While running for reelection in 2012, then-President Barack Obama defended the progressive economic agenda of greater wealth redistribution with the now infamous line, “If you’ve got a business, you didn’t build that. Somebody else made that happen.” Republicans correctly skewered him for that proclamation because it was a deeply insulting remark to the countless entrepreneurs and critical institutions that protect private citizens and their property and have helped make America the most prosperous nation in history. That wasn’t a one-off gaffe from Obama, either, but a genuine reflection of his worldview.

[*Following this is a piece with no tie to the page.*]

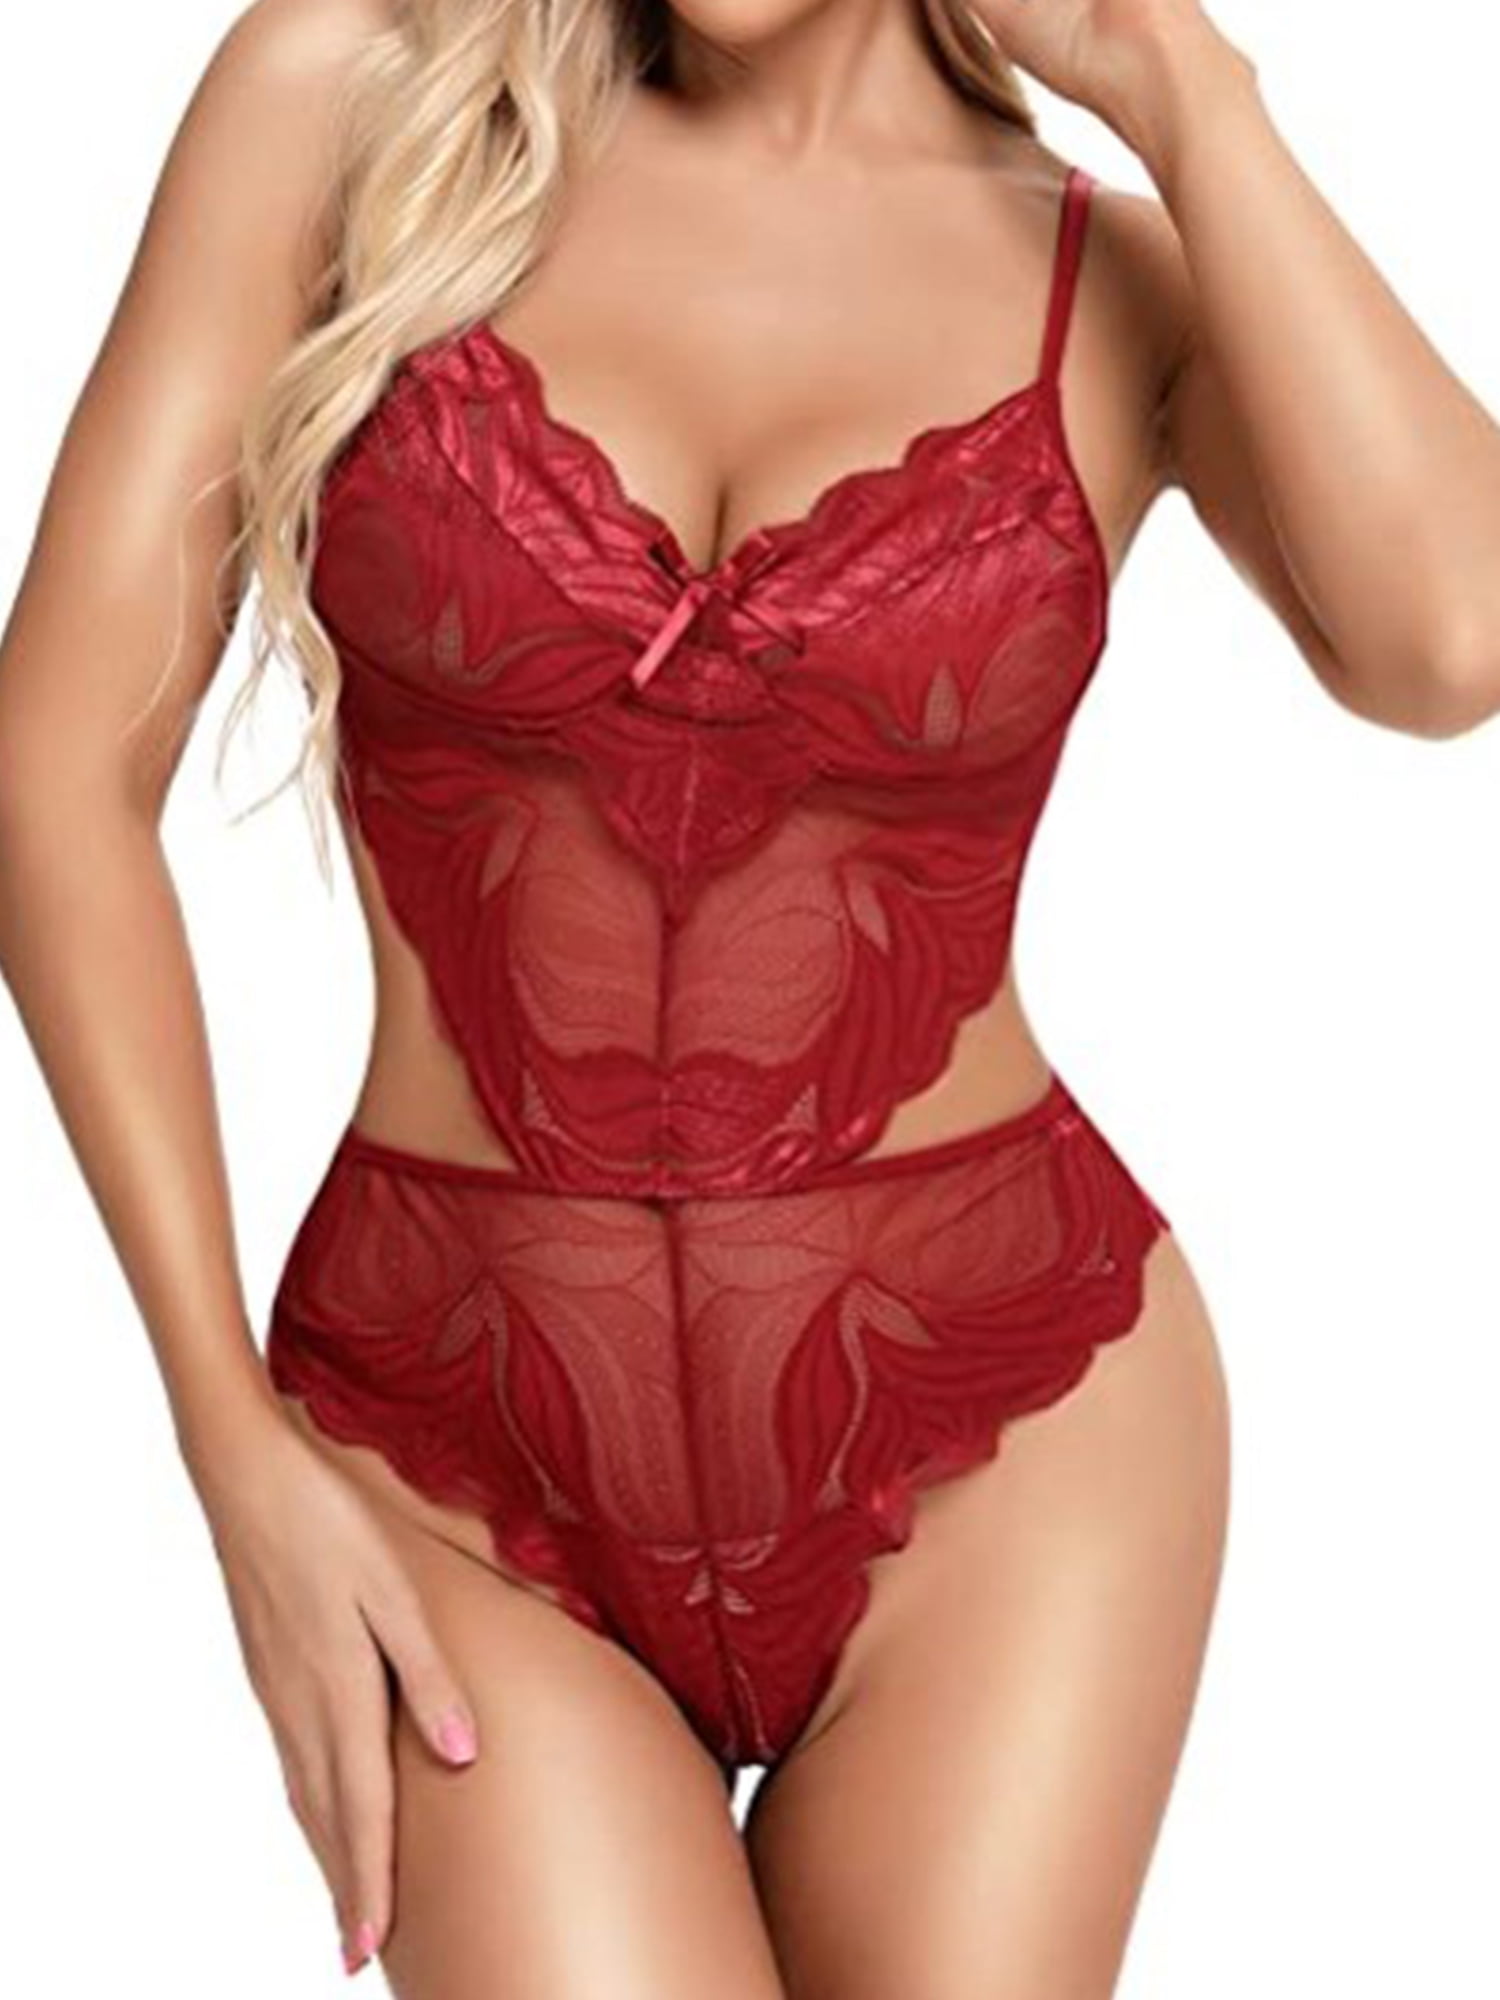 Sexy Lingerie for Women Lace Push-up Top Bra Babydoll Bodysuit

Remember the Life of Julia video, also from 2012? It told the story of a woman’s life entirely through the lens of her reliance on government programs. Conservatives recoiled in horror.
Yet, not even a decade later, in a troubling sign of growing authoritarian tendencies in the Republican Party, many on the political right are embracing the exact same logic toward a far more dangerous end.
Last week, best-selling author, and all-but-declared Republican candidate for the Senate from Ohio J.D. Vance was interviewed by Tucker Carlson. When discussing regulating companies and the First Amendment, Carlson asked Vance how he responds to the argument that Google, as a stand-in for Silicon Valley broadly, is a private company. Vance responded stunningly: “I just don’t care.”
For someone hoping to swear an oath to uphold the Constitution of the United States, including its amendments, the remark demonstrates alarming ambivalence to what the document actually says.